Simulation of damage and failure processes of interpenetrating SiC/Al composites subjected to dynamic compressive loading

In the current study, a 3-D microscopic structural finite element (FE) model of interpenetrating SiC/Al composites (SiC/Al IPCs) is built, based on X-ray tomography and optimized methods for 3-D mesh generation. In addition, an interface model is introduced into the 3-D FE model to investigate the effects of the interfaces on the damage and failure processes, which includes a “tie-break contact” method at the SiC/Al interfaces. Subsequently, FE methods are applied to investigate the dynamic compression response of the 3-D FE model. To validate the numerical simulation results, the dynamic compression responses of SiC/Al IPCs are measured at strain rates of 2000 s−1 using a split Hopkinson pressure bar device. Our results show that failure of the SiC phase occurs just before the effective stress reaches its peak, but it plays a leading role in bearing the pre-metaphase stage of the load. From the point of energy dissipation, however, the contribution of Al phase cannot be ignored in the final stage of failure because the residual Al phase absorbs 30% of the energy of the global model by plastic deformation, even though its mass failure ratio is only 2%. Further microanalysis shows that the cracks initiate and propagate mainly near the SiC/Al interface, just on the side of the SiC ceramic phase. As the cracks extend further into the SiC phase, there appears a new “interface debonding” failure mode. These results show that brittle fracture of the SiC ceramic phase plays a key role in crack initiation, since the presence of complex 3-D SiC/Al interfaces usually causes the generated cracks to deflect before interconnecting with each other.
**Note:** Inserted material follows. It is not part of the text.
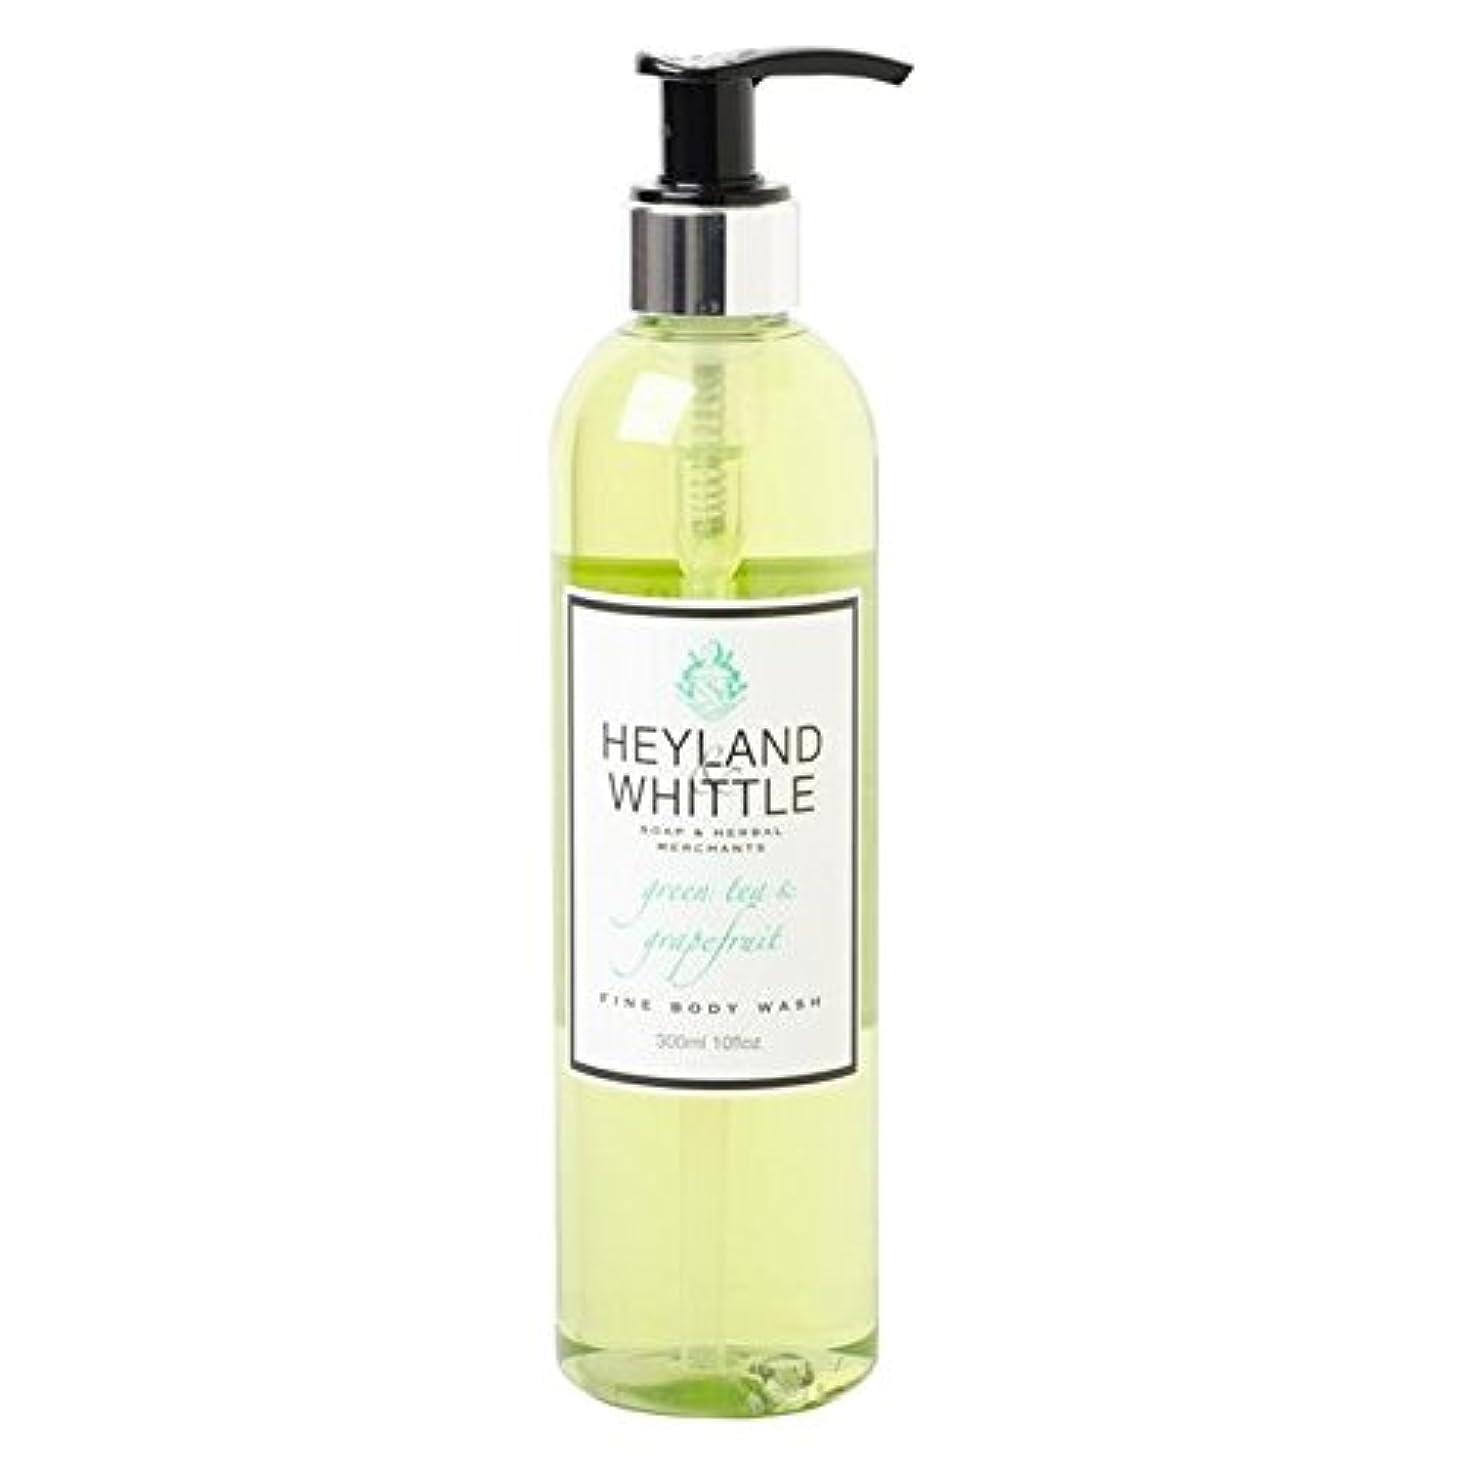 ヒロイックマナー付録Heyland & Whittle Greentea & Grapefruit Body Wash 300ml (Pack of 6) - &削るグリーンティ&グレープフルーツボディウォッシュ300ミリリットル x6 [並行輸入品]

This significantly retards propagation of the cracks, and thus increases the ductility of the composite materials. In the final stage of failure, the cracks are interconnected with each other in the SiC phase while the Al phase still maintains a degree of structural integrity. It is found that there exists obvious plastic deformation in local, relatively narrow, regions in the Al phase, and the local necking and tearing fractures tend to be localized in these severely deformed regions. Numerical simulation results are consistent with the observed behavior.